### Data section
^^^^^^^^^^^^^^^^

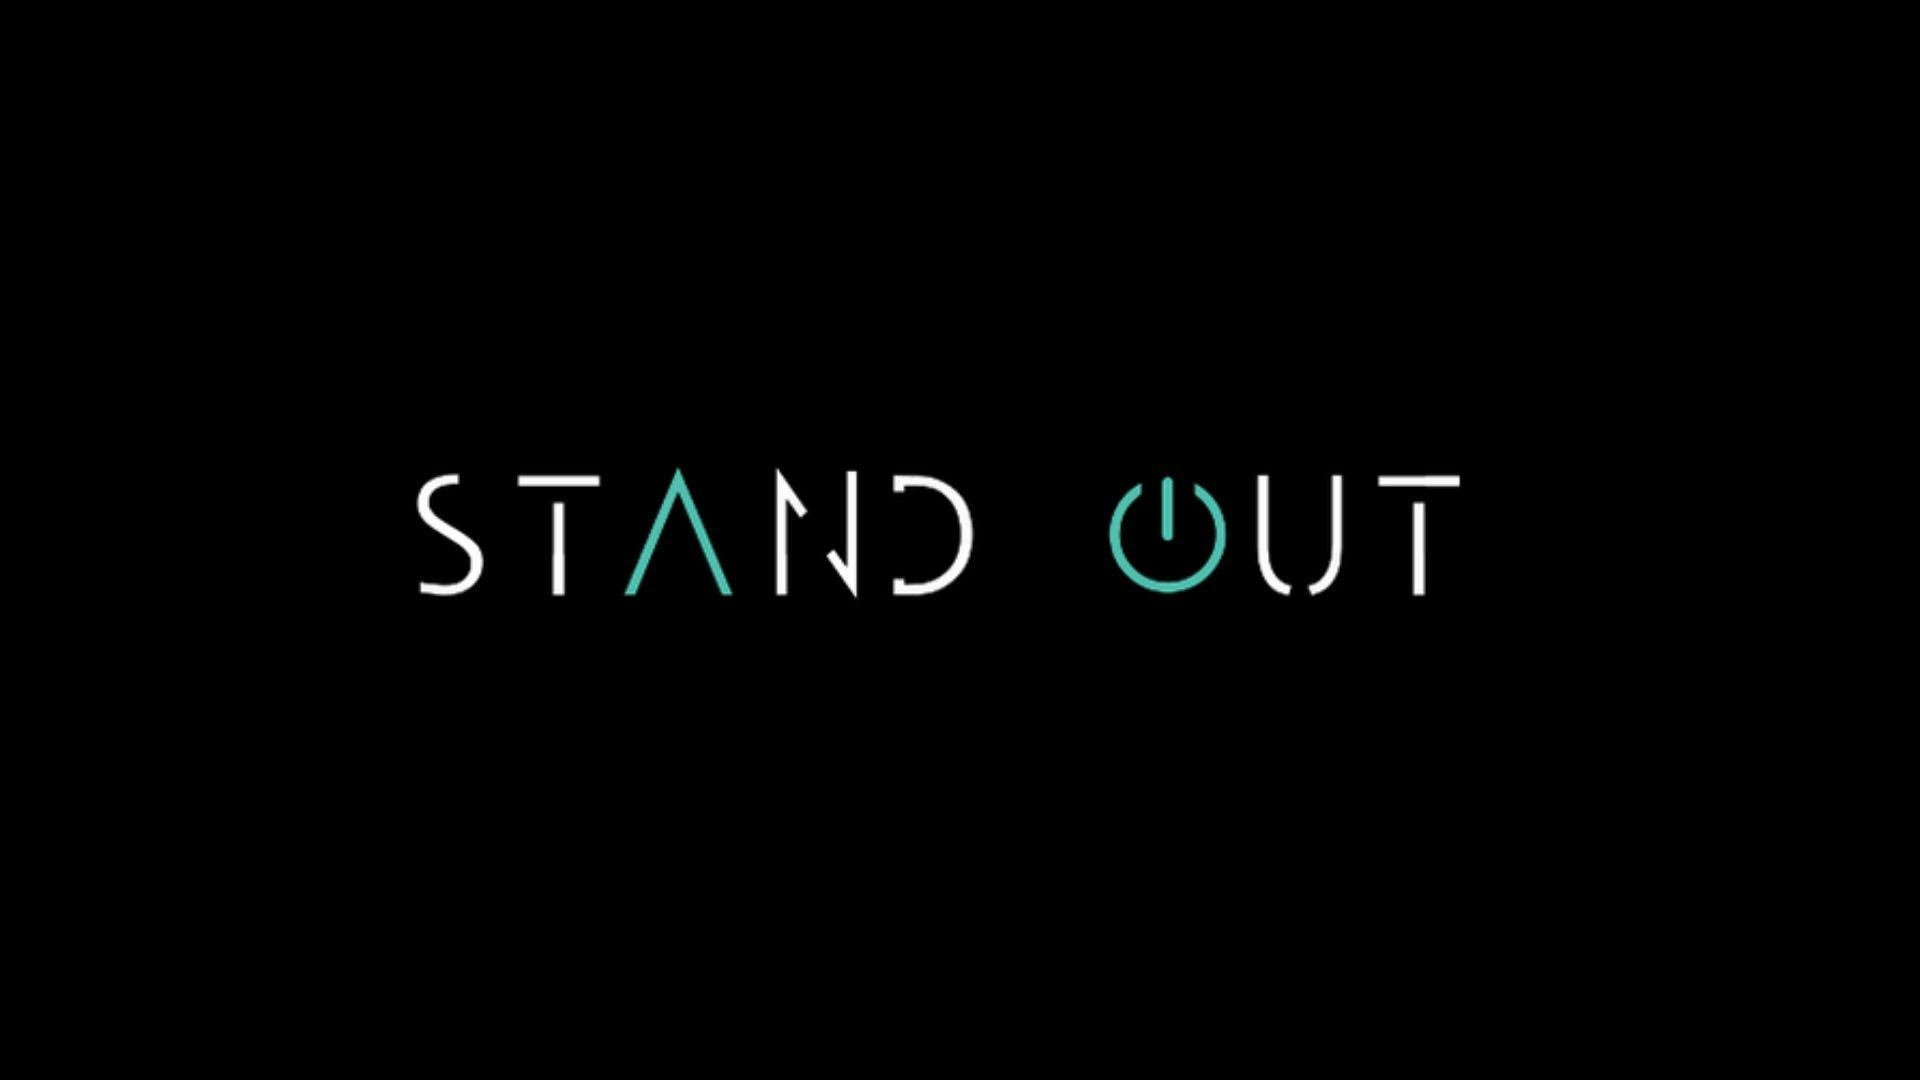 Standout Digital
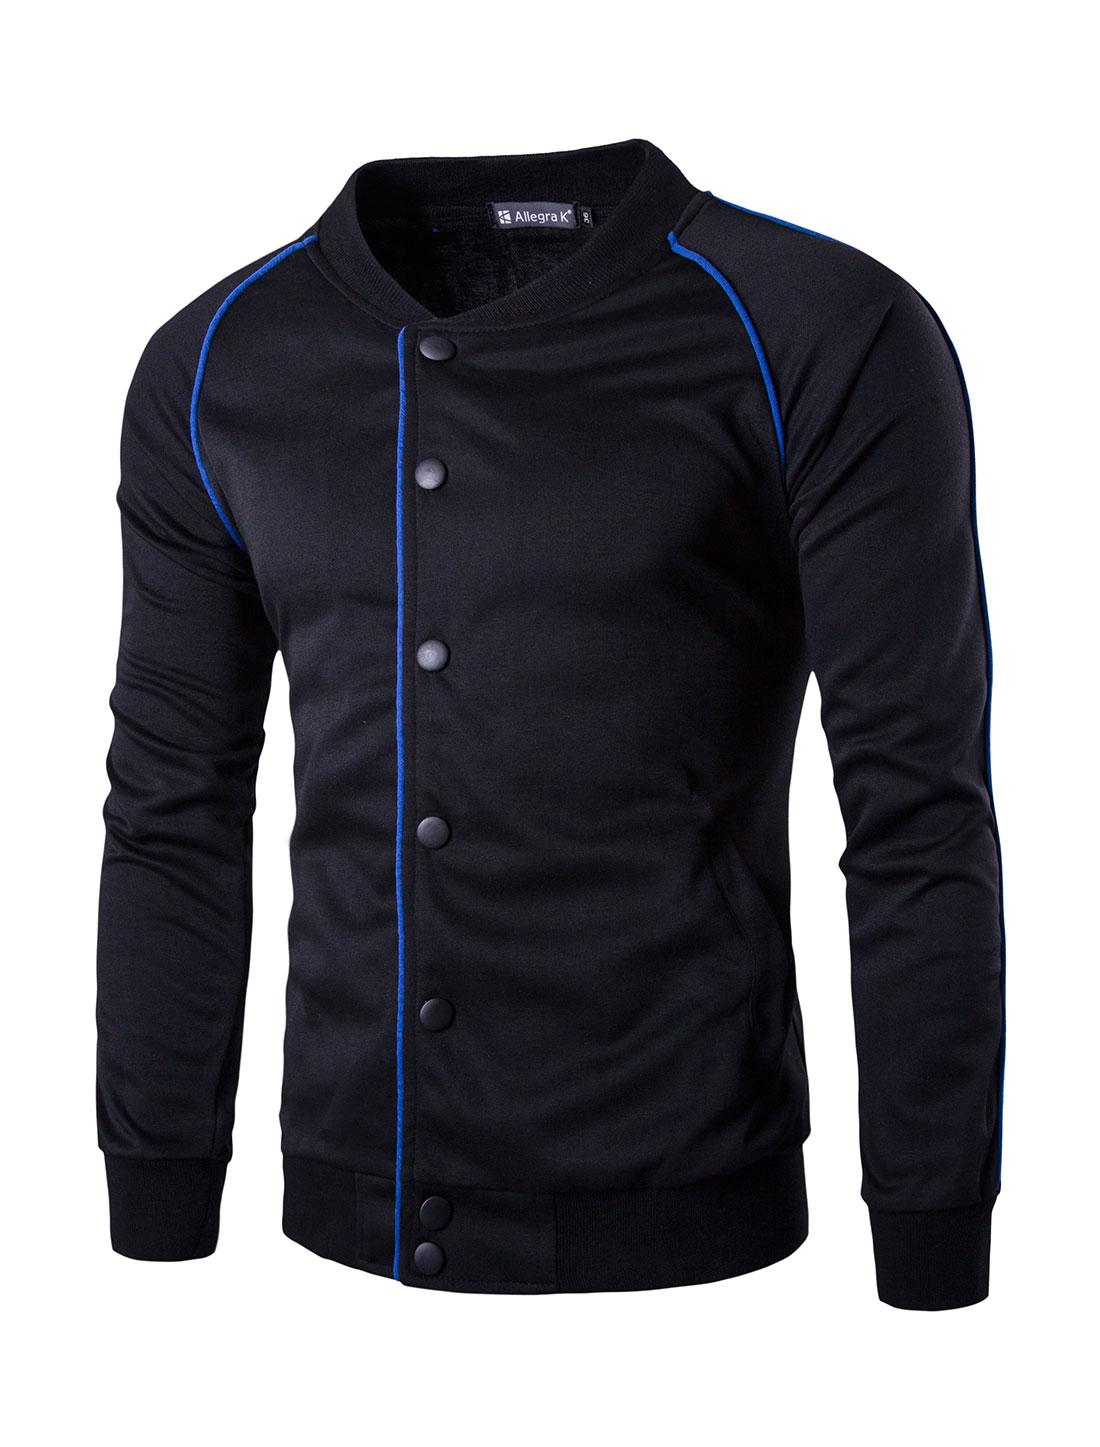 Men Snap Button Fastener Raglan Sleeves Piped Jacket Black S
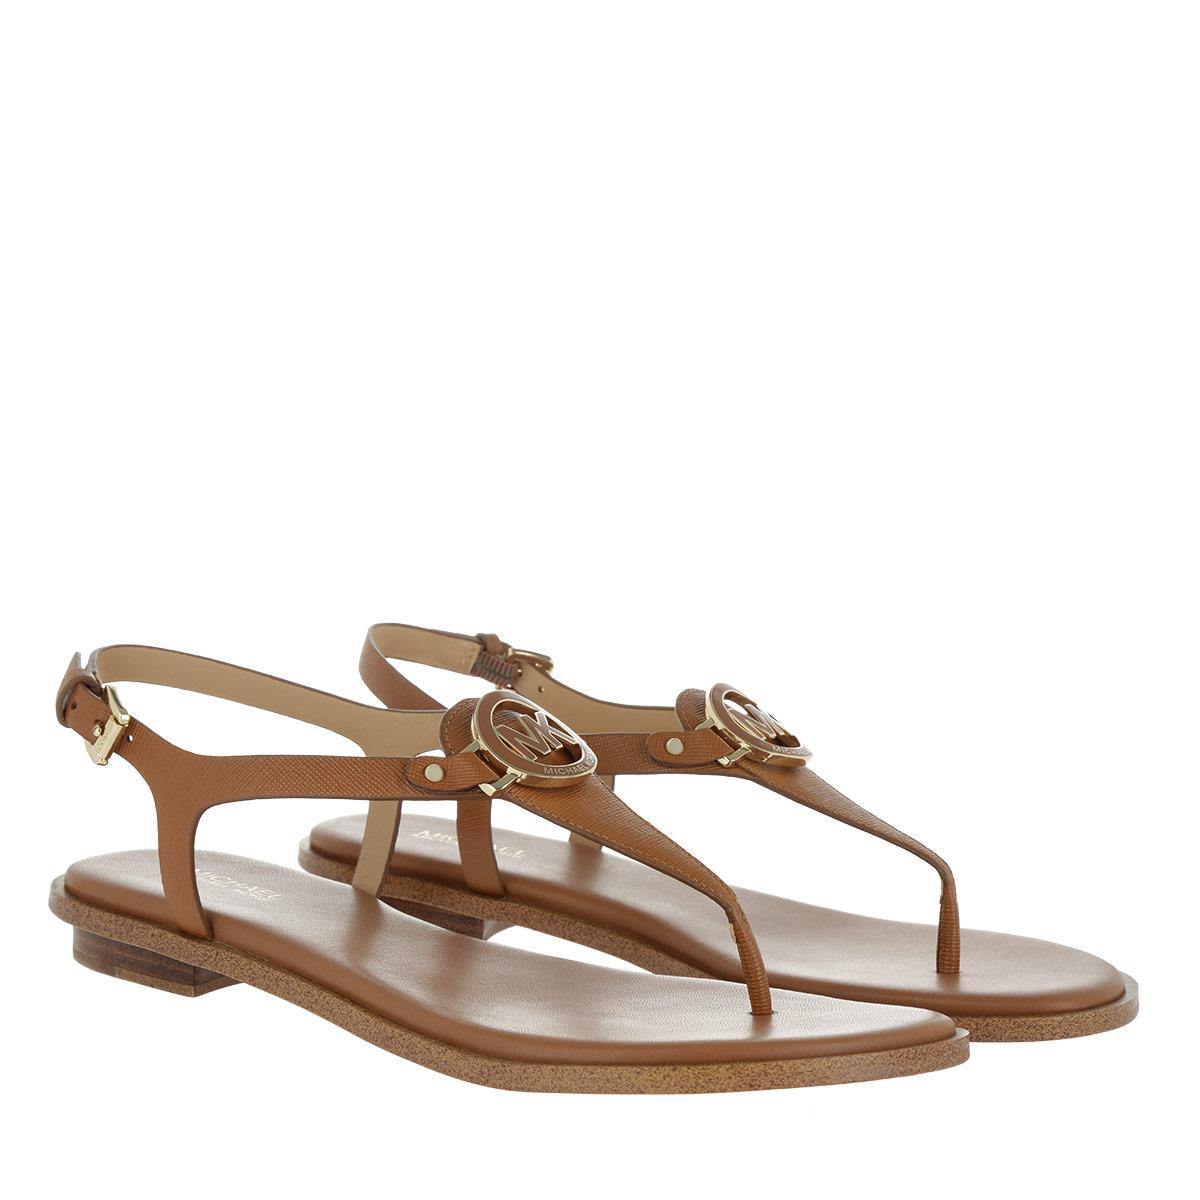 6fa4d021d Michael Kors Lee Thong Leather Sandal Acorn in Brown - Lyst

^^^^^^^^^^^^^^^^

### Problem requirements
Find the line with "Men Snap Button" in the listing and extract it and all lines after it through the end, exactly, without the pictures.

### Exercise output
 Men Snap Button Fastener Raglan Sleeves Piped Jacket Black S
 6fa4d021d Michael Kors Lee Thong Leather Sandal Acorn in Brown - Lyst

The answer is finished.